The premise might have Billy Wilder spinning in his grave, representing as it does a riff on “The Apartment.” Five married pals decide to go in together on a pad in the new building designed by one of them—Vincent (Karl Urban). Keeping one key for himself, Vincent—who’s married to Barbara (Valerie Cruz)—gives the others to Chris (James Marsden), a psychologist whose wife Allison (Rhona Mitra) seems perpetually depressed; Philip (Matthias Schoenaerts), Chris’ hot-tempered brother, who’s just wed Vicky (Margarita Levieva), the daughter of a big real estate magnate; Marty (Eric Stonestreet), a fat, loudmouth drunkard whose wife Mimi (Kali Rocha) tolerates him; and Luke (Wentworth Miller), a buttoned-down sort married to Ellie (Elaine Cassidy) but in thrall to Vincent. All intend to use the place for their extramarital trysts, though Chris is a reluctant player and Luke frankly seems too emotionally desiccated to come on to any woman.
We see this set-up during an elaborate assemblage of flashbacks, however, because the movie begins with scenes of the guys being interrogated by cops, followed by an initial flashback to Luke’s discovery of the butchered body of a woman handcuffed to the loft’s bed. He summons the others to the apartment and together they bicker about what should be done and accuse one another of responsibility for the murder. Over the course of the morning many more flashbacks reveal a whole slew of compilations piled upon complications leading to the unhappy situation in the loft. The most significant are Chris’ involvement with an icy blonde named Ann (Rachael Taylor), who’s constantly on the arm of a sleazy city councilman in league with Philip’s father-in-law, and a business trip to San Diego, where the boys meet blonde bombshell Sarah Deakins (Isabel Lucas). Could either of these two be the woman sprawled, face down, on the bed?
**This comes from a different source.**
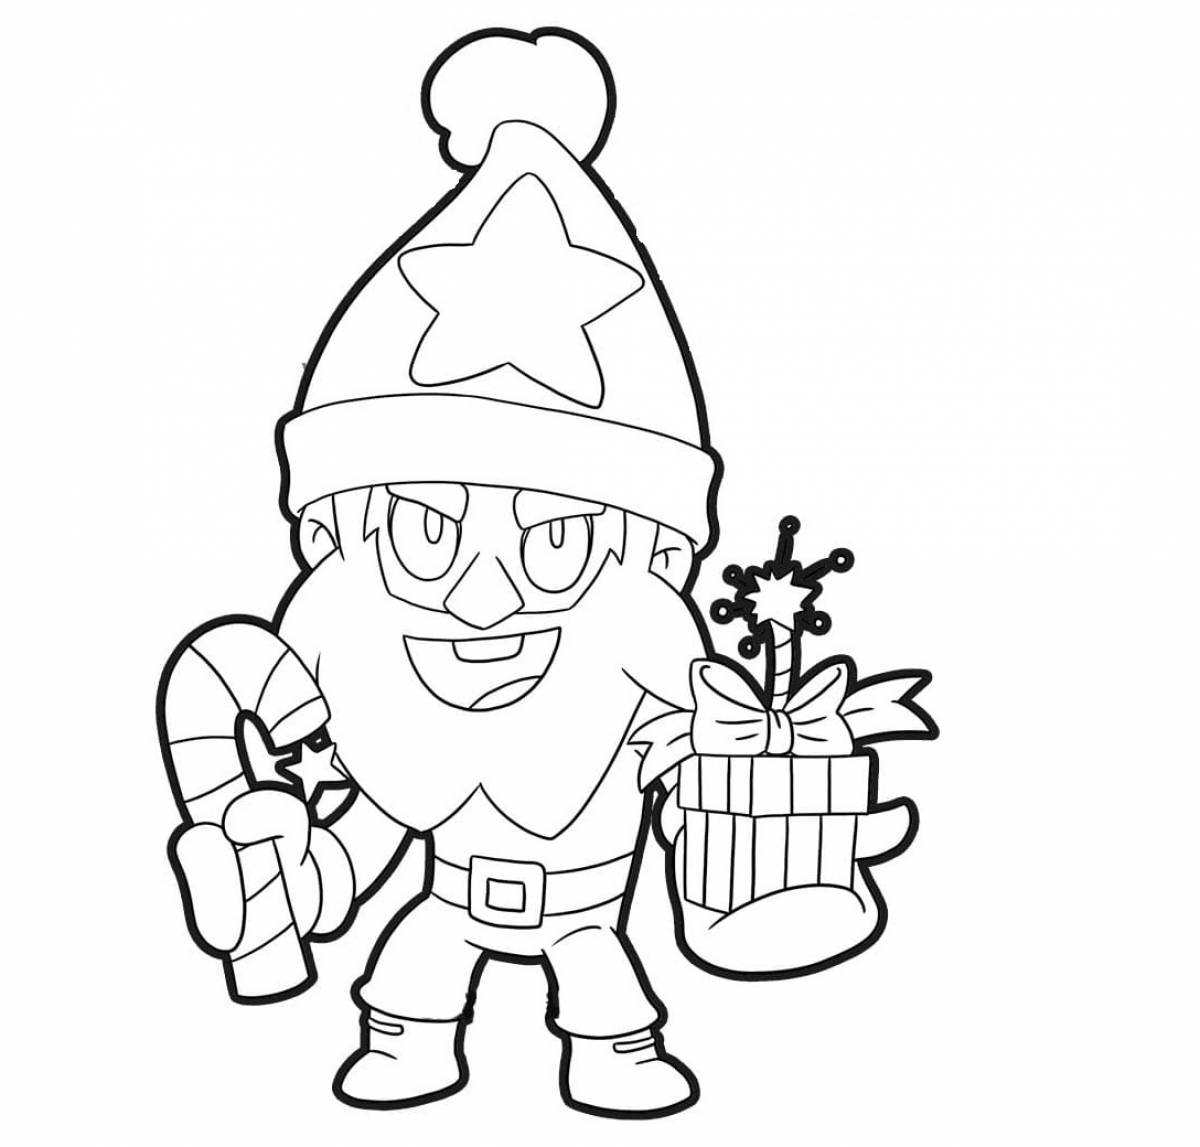 Calming dynamike coloring page

As noted above, it’s hard to care whether it is or not, or to remain the least interested in what might happen to any of these characters, since nobody proceeds past the cardboard stage, given that the plot turns grow increasingly artificial, the dialogue is ludicrously flat, and the actors’ delivery of it is so stilted that it sounds as though they’re reciting their lines phonetically, even though English is the first language of most of them. You might want to give Van Looy and his cast the benefit of the doubt by assuming that the loopy style they’ve all adopted is designed to turn the movie into a parody of the over-plotted puzzle picture with double-crosses galore, only to be succeeded by triple- and quadruple-crosses and capped by a final reel in which the twists come fast and furious, each more ridiculous than the last.
But that appears to give the filmmakers entirely too much credit. Why else would they have cast Lucas, whose performance could be compared only to Bo Derek at her worst (see “Tarzan”). Not that any of the others distinguish themselves, except in awfulness. Special mention is due to Schoenaerts, who’s reprising his part from the 2008 Belgian original, but Stonestreet is perhaps even worse, and even a dependable actor like Marston finds himself stranded in the mire. The look of the film is unattractive, too, with an uninspired production design by Maia Javan and bleached-out cinematography by Nicolas Karakatsanis.
“The Loft” deserves recognition, though, not only because it might derail any hope of a career Van Looy might have hoped for in Hollywood, but because its unremitting awfulness could just earn it a place among camp classics. Clear out a space on the ‘Le Bad Cinema’ shelf for this turkey.